DATA EXTRACT:
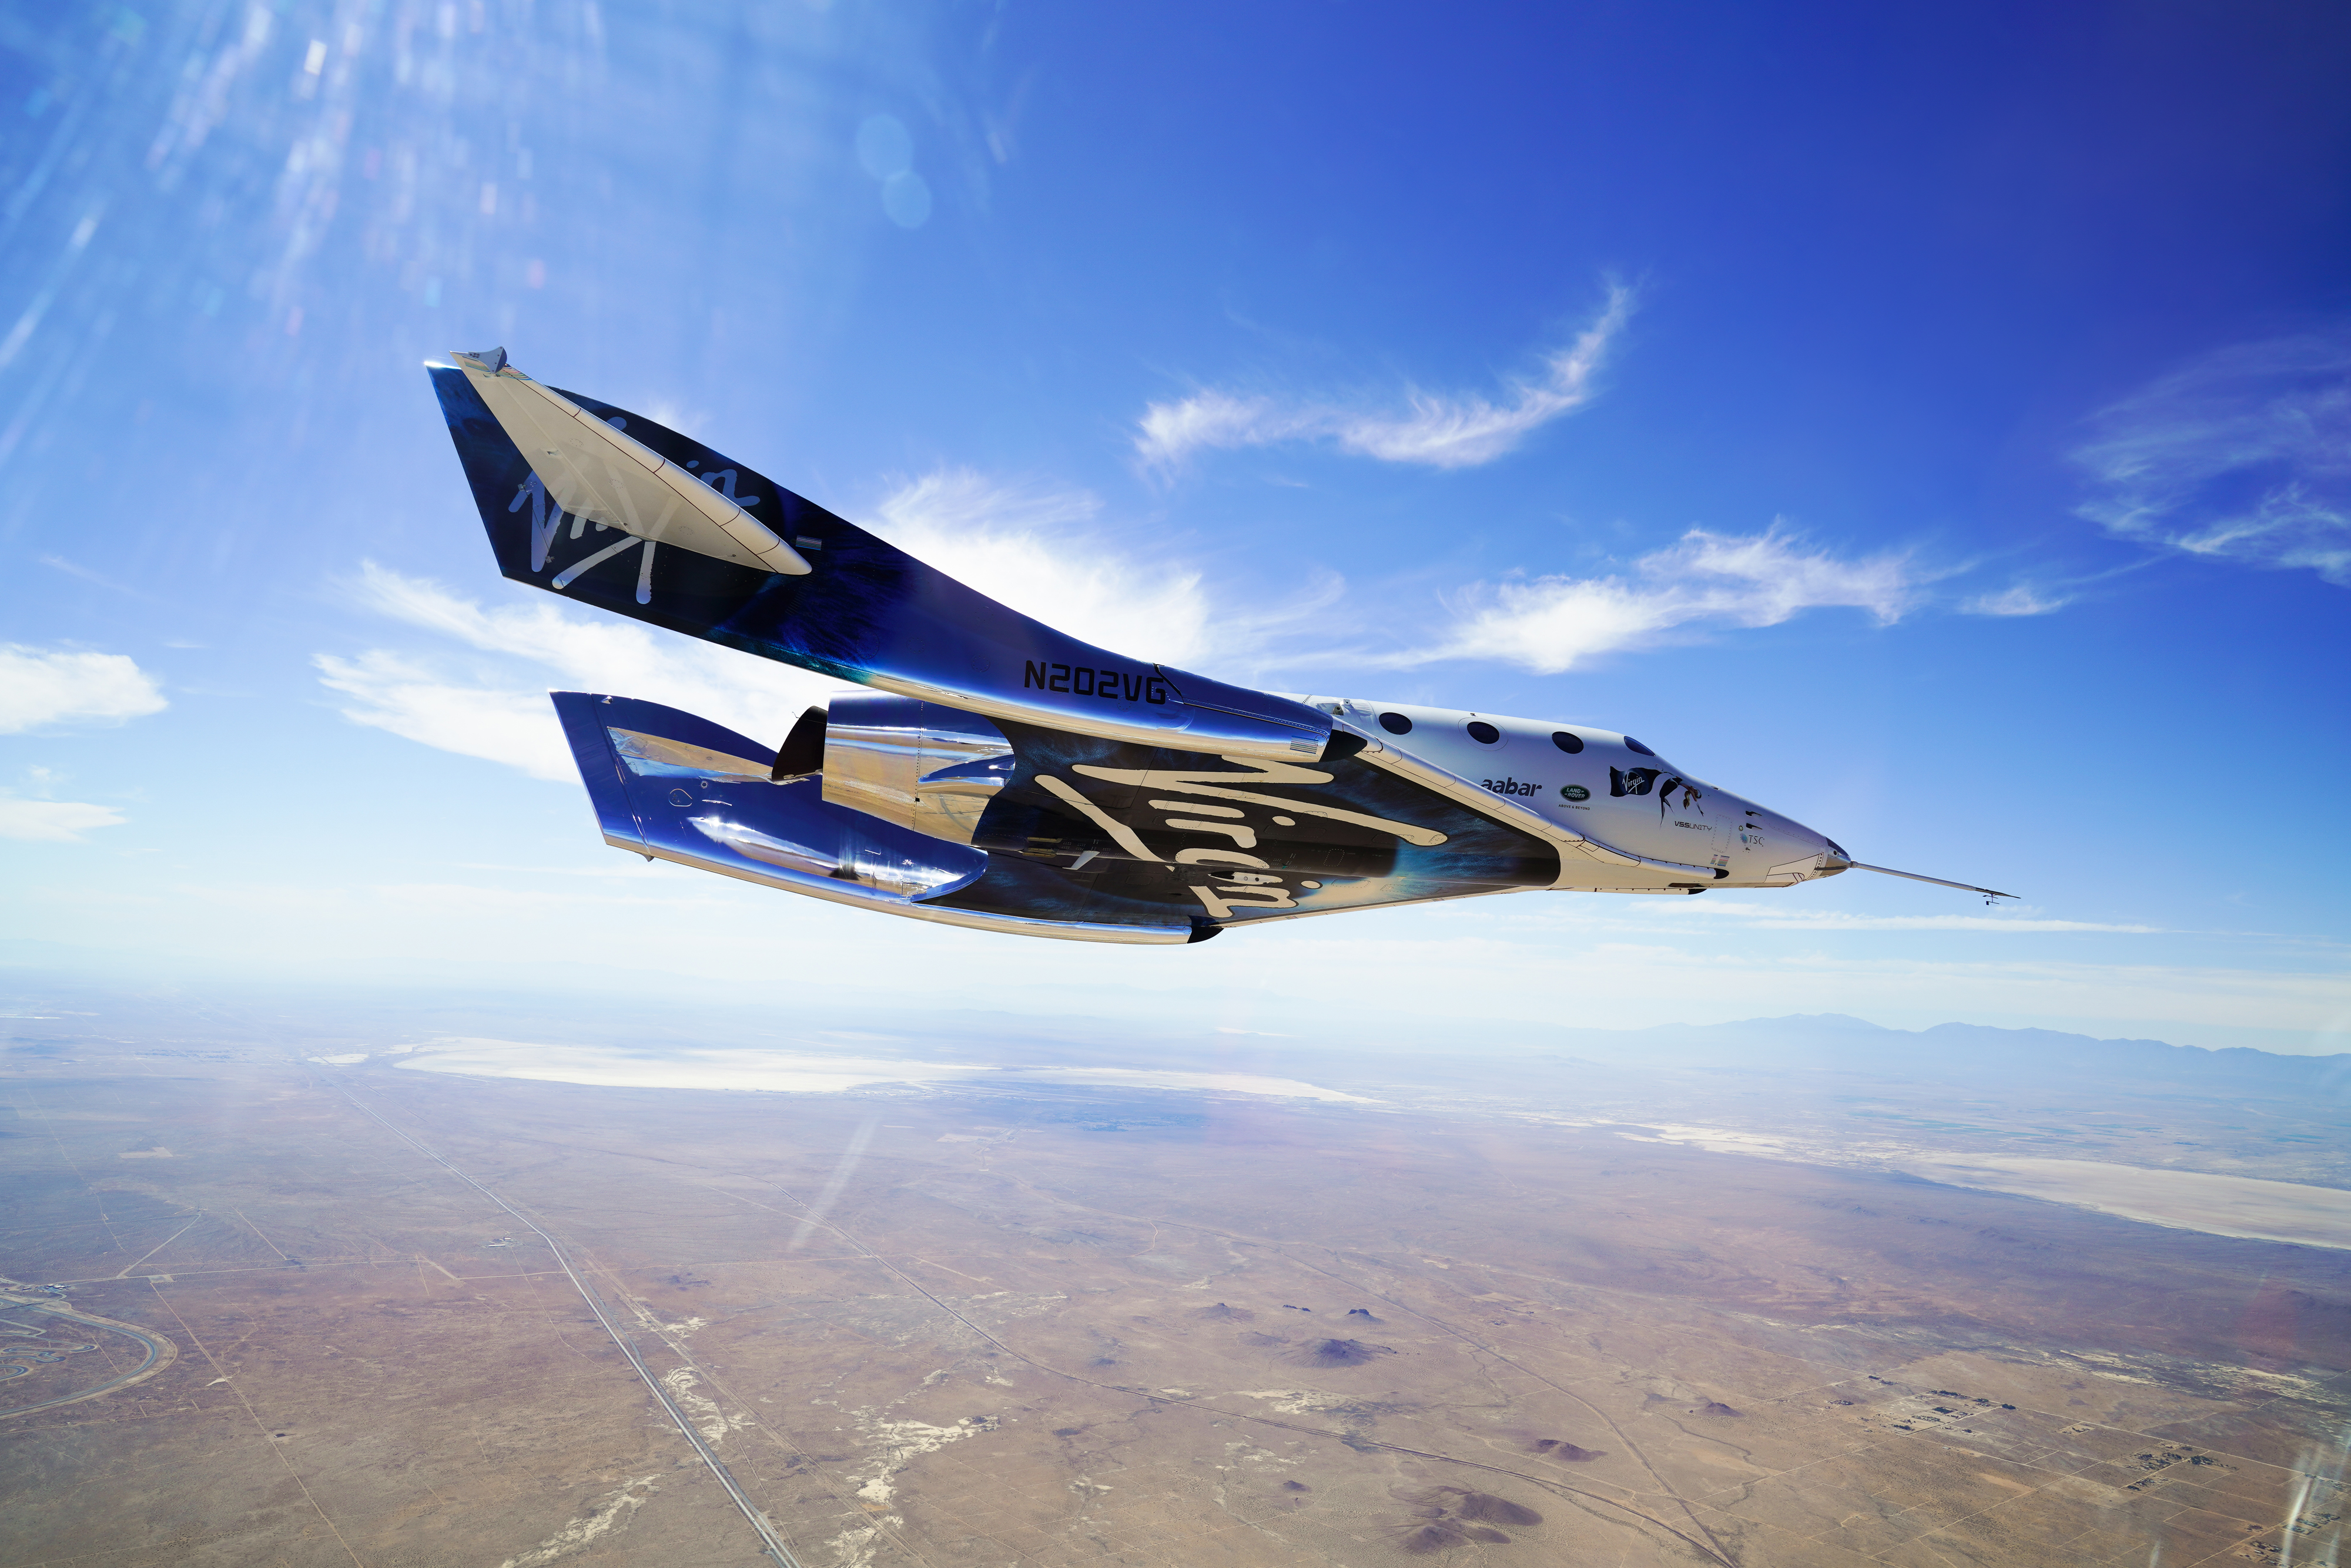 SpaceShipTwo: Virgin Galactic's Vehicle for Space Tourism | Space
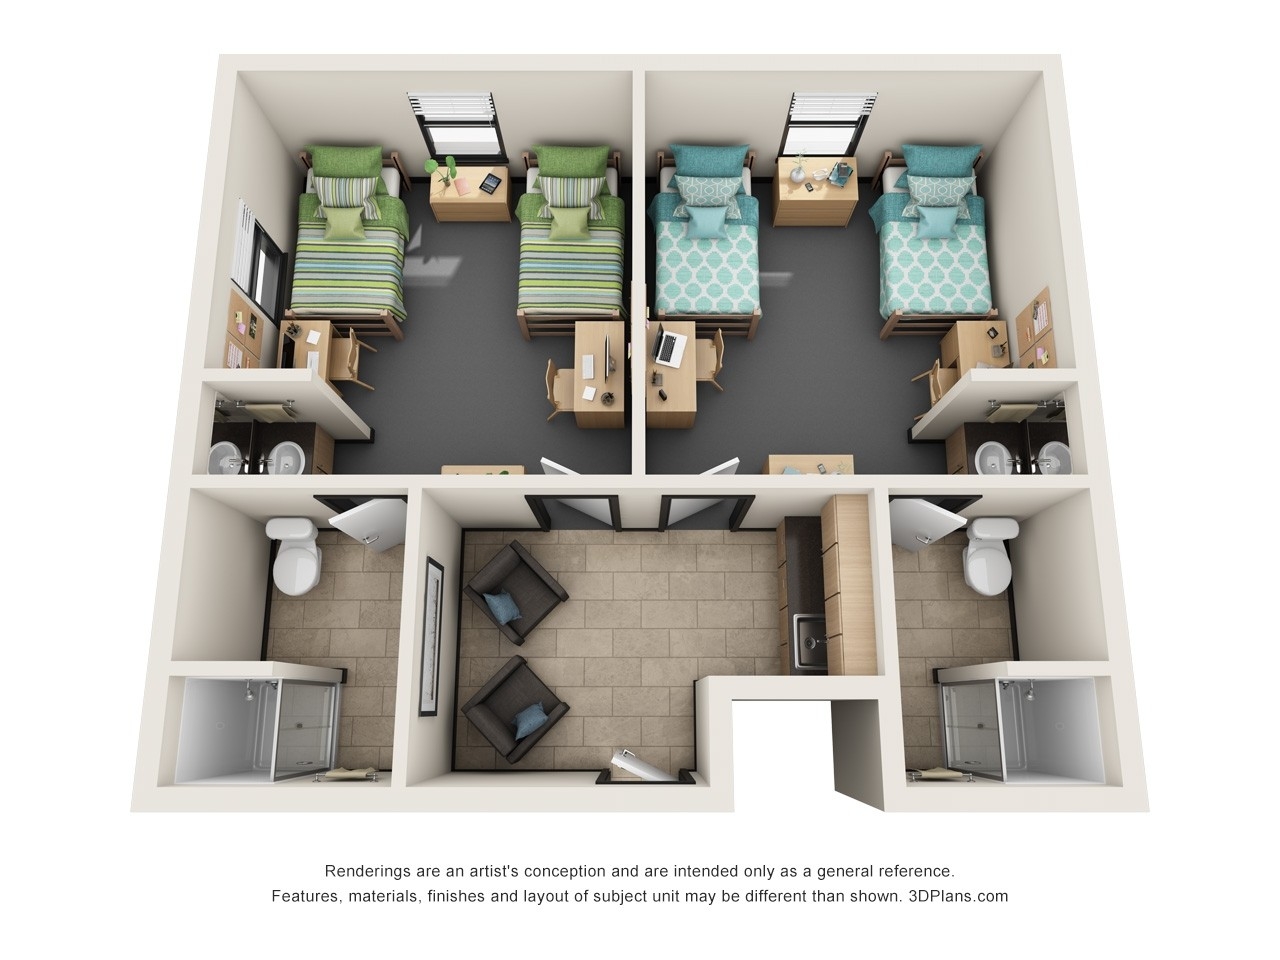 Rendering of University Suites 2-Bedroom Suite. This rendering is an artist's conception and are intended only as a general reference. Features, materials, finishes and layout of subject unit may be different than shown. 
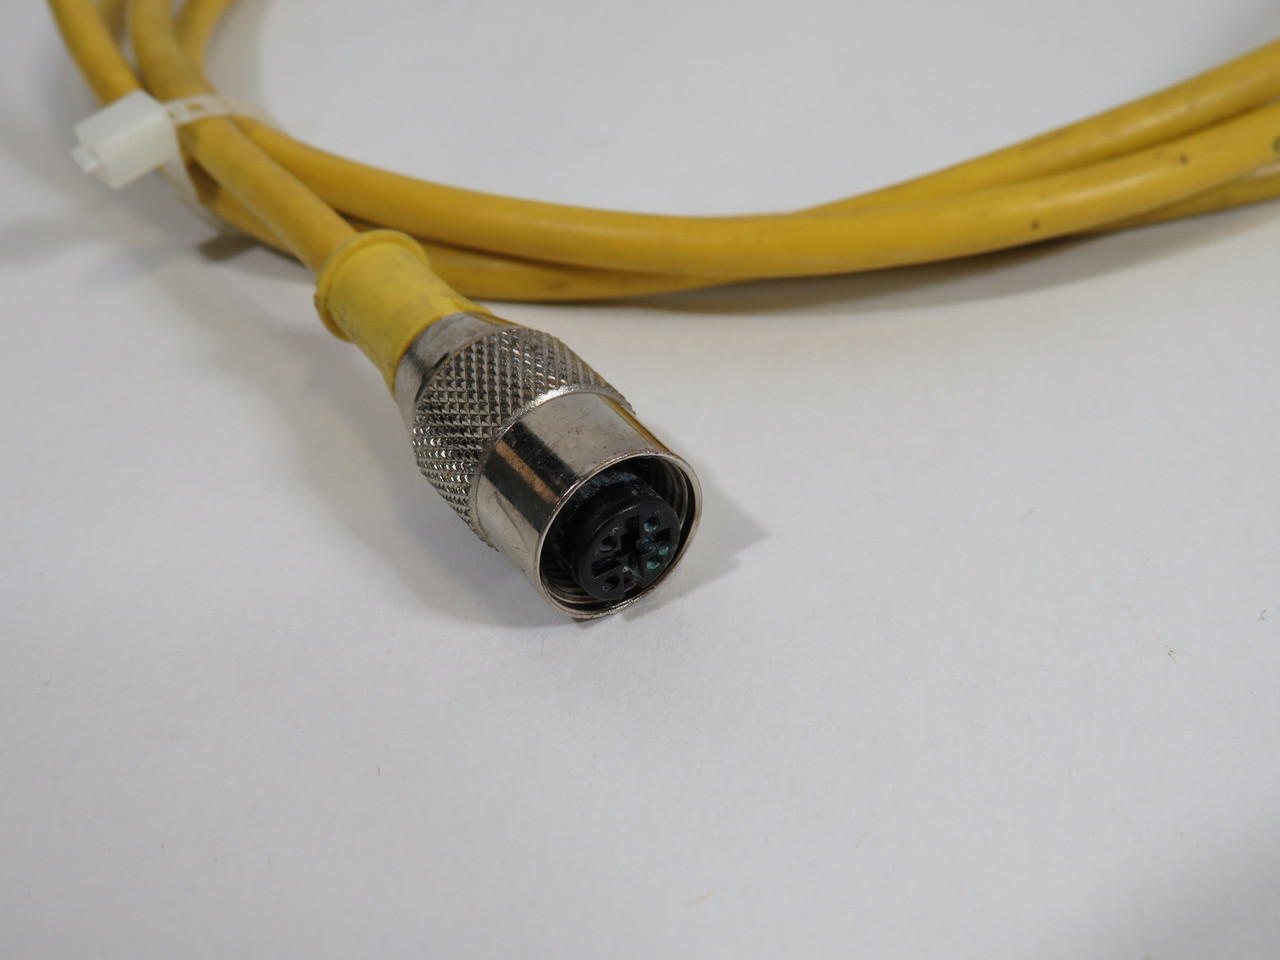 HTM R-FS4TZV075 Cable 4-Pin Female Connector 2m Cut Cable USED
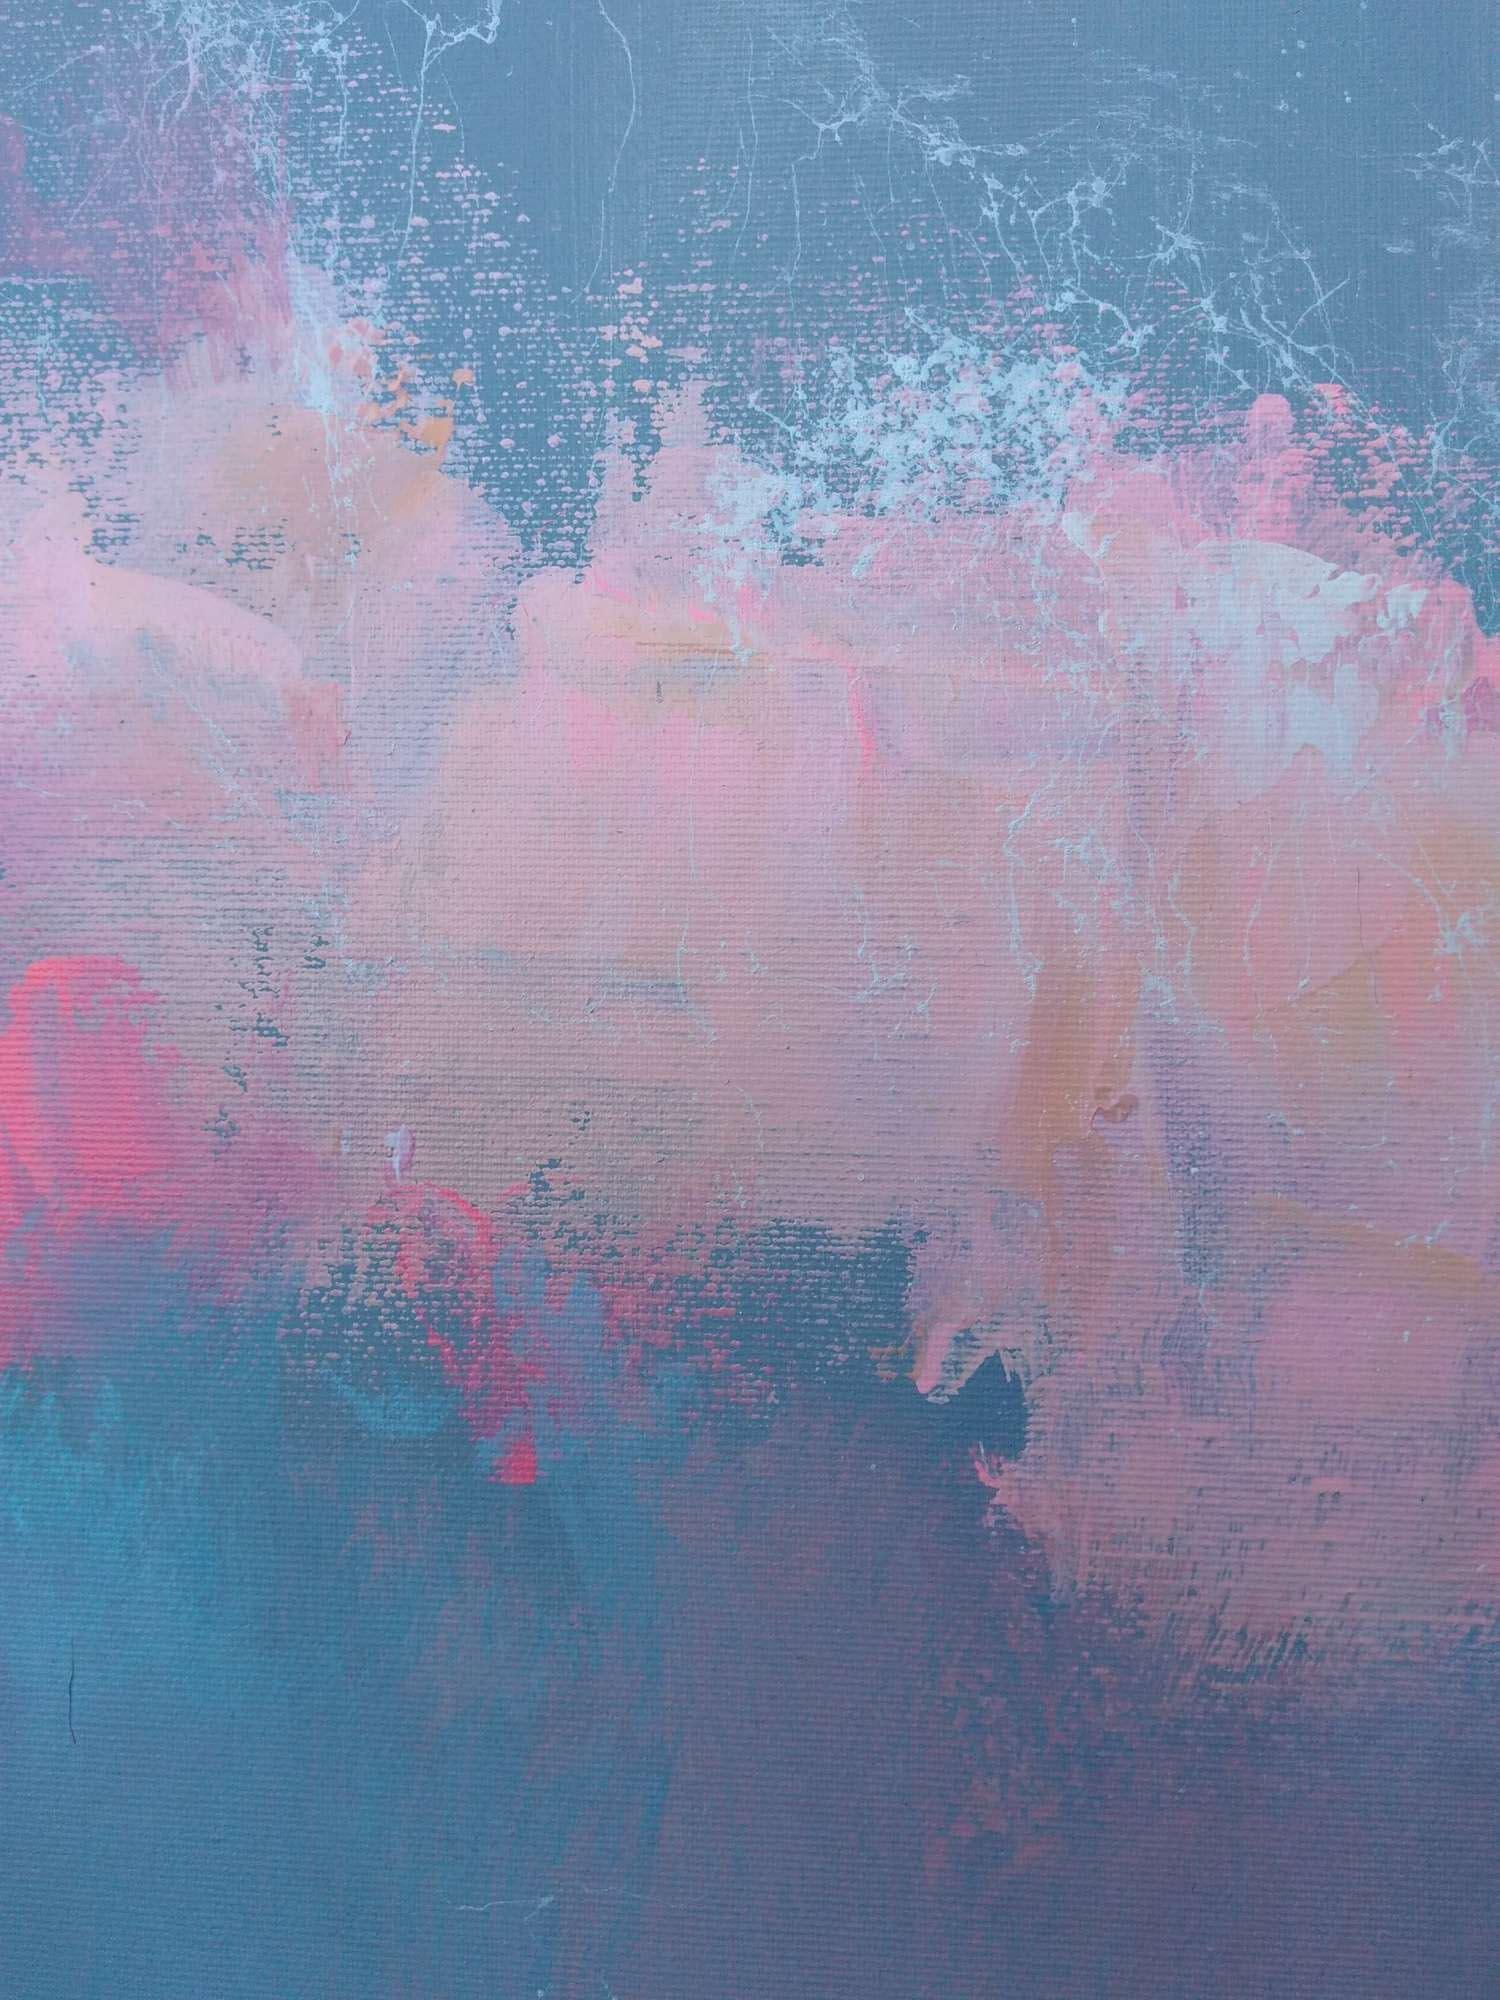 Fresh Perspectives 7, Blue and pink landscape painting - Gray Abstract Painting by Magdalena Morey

DIRECTIONS FOR THIS TASK: Without the images, print all of the lines above exactly.

SOLUTION TO THE EXERCISE:
 SpaceShipTwo: Virgin Galactic's Vehicle for Space Tourism | Space
 Rendering of University Suites 2-Bedroom Suite. This rendering is an artist's conception and are intended only as a general reference. Features, materials, finishes and layout of subject unit may be different than shown. 
 HTM R-FS4TZV075 Cable 4-Pin Female Connector 2m Cut Cable USED
 Fresh Perspectives 7, Blue and pink landscape painting - Gray Abstract Painting by Magdalena Morey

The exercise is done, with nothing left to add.